Thursday, September 29, 2005
In his book on The Structure of Scientific Revolutions, Thomas Kuhn cites an experiment to illustrate the problem that people have registering information that contradicts their expectations (what he calls "anomalies" to the prevailing paradigm). The subject sat and watched pictures of playing cards flashed on a screen in front of him and identified them. In the deck were some cards with red spades and black hearts. Initially subjects ignored the anomalous data and read the cards as normal ones. Only when the picture was held up for long periods of time could the subjects identify the anomaly. Only once they readjusted their expectations did they then recognize these cards.
We have a similar phenomenon, only far more serious in its consequences, in the way that the media handled this picture that was taken five years ago today in Jerusalem.
The AP caption, repeated by the NYT, identifies the bloodied civilian as a Palestinian, the policeman brandishing a club – implicitly the author of the youth’s wounds – as an Israeli, and the location as the Temple Mount. I guess one out of three IDs isn’t bad for AP when it comes to the Middle East conflict, although the thrust of the errors literally transforms the meaning of the photo. What the AP did with this caption is to impose upon it the firm expectations of their Politically Correct Paradigm: since the Palestinians are the David and Israel the Goliath, then a bloodied civilian near an Israeli with a club must be the soldier’s victim. And since Ariel Sharon’s visit to the Temple Mount the day before had provoked Palestinian rage to which the Israelis had responded with deadly force, the injuries must have been inflicted on the Temple Mount.
What happened differs radically. The victim, Tuvya Grossman, was an American seminary student in Jerusalem whose taxi-driver went through an Arab neighborhood of Jerusalem where rioting crowds dragged him from the car, beat and stabbed him nearly to death. He managed to escape and reach the place where this Israeli soldier protected him from his pursuers. This story here actually illustrates the Jihad Paradigm, not the Politically Correct Paradigm. Palestinians, whipped into a rage by false rumors that Sharon had desecrated the al-Aqsa mosque, broke into wild rioting, which Israelis, as much as possible, constrained with non-lethal weapons (like this baton). The Jewish civilian here is the victim, and the Israeli David, scantily armed, stands up to the Palestinian mob.
(Nota Bene: The very term intifada illustrates the way in which the Palestinians themselves – part of the greater Arab world (300 million) and Muslim world (1 billion) – view the relationship of forces. The word, before it became a term for uprising, means to shrug off, as in the way a camel or a horse shakes its hide to chase away a fly.)

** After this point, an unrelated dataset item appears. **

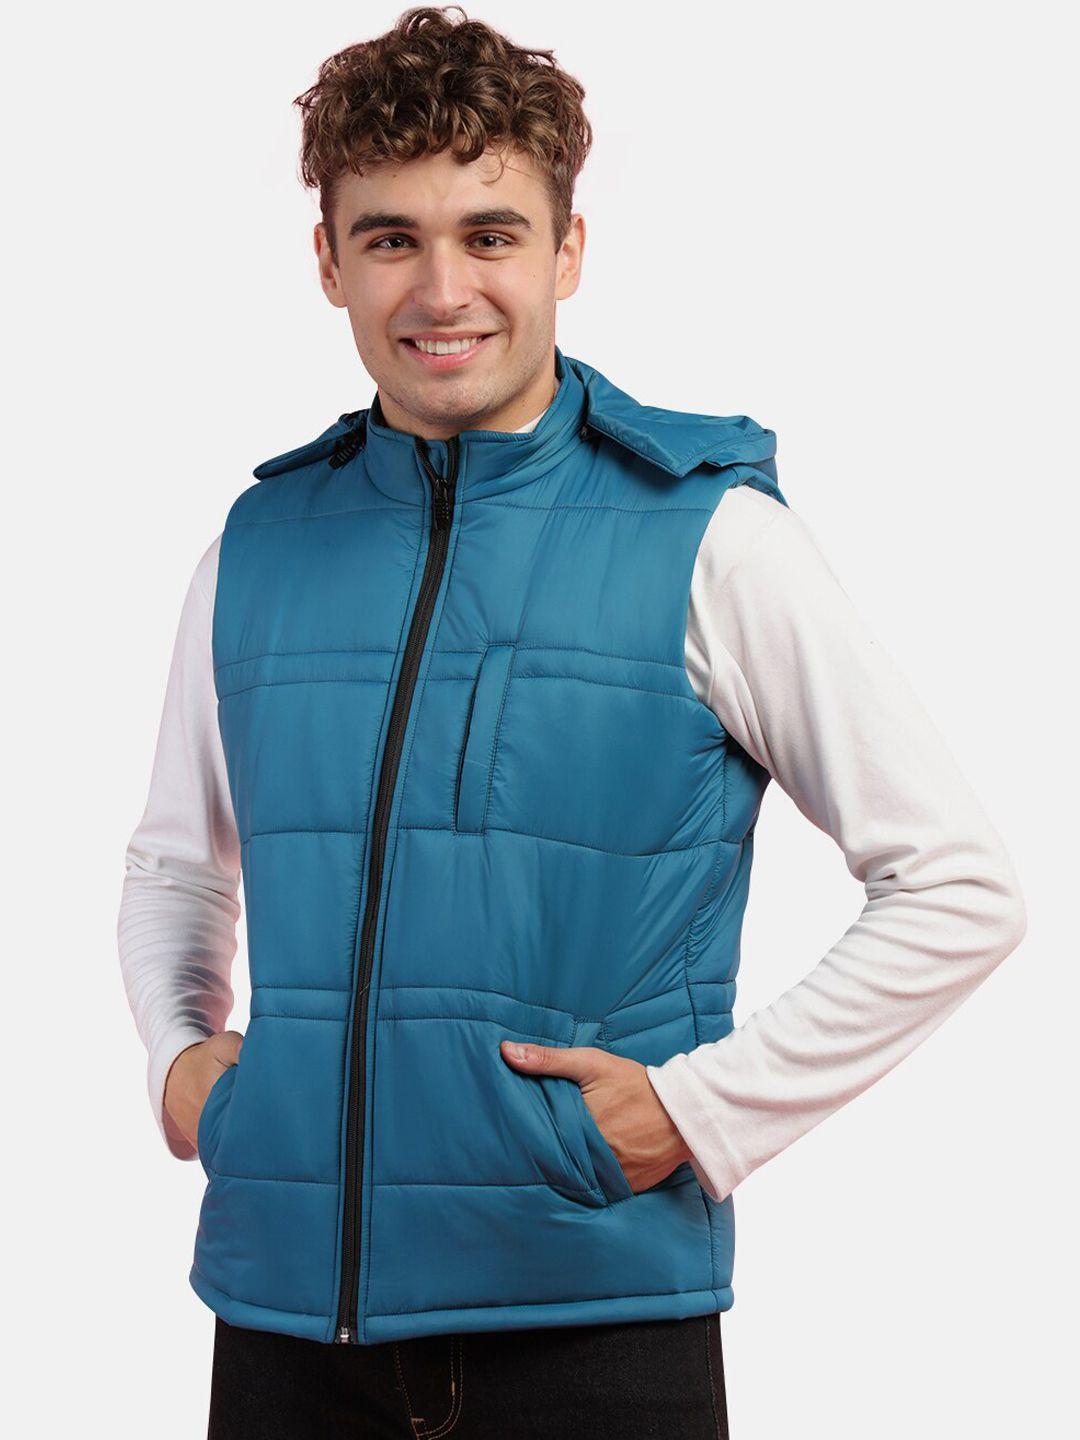 chkokko-men-teal-outdoor-padded-jacket

It took the NYT 4 days to acknowledge the error identifying the victim as "Tuvya Grossman, an American student in Israel" and a week to do a story on the beating. But by then the damage had been done. Not only was the PCP firmly set in place, but the picture had become an emblem of Palestinian victimization. (This incident triggered the formation of the media watchdog group, Honest Reporting).
This subsequent retraction, and a successful lawsuit against both AP and the French paper Libération, had little impact on those who wanted to believe in Israeli villainy. As in the case of the poison accusations of 1983, Palestinian and Arab media, like the Egyptian Government and their Post Colonial Paradigm supporters, have continued to use the picture as part of their Palestinian victim narrative. To this day, Tuvya Grossman's picture adorns a poster calling on everyone in the world to boycott Coca Cola in order to stop Israelis from killing Palestinians.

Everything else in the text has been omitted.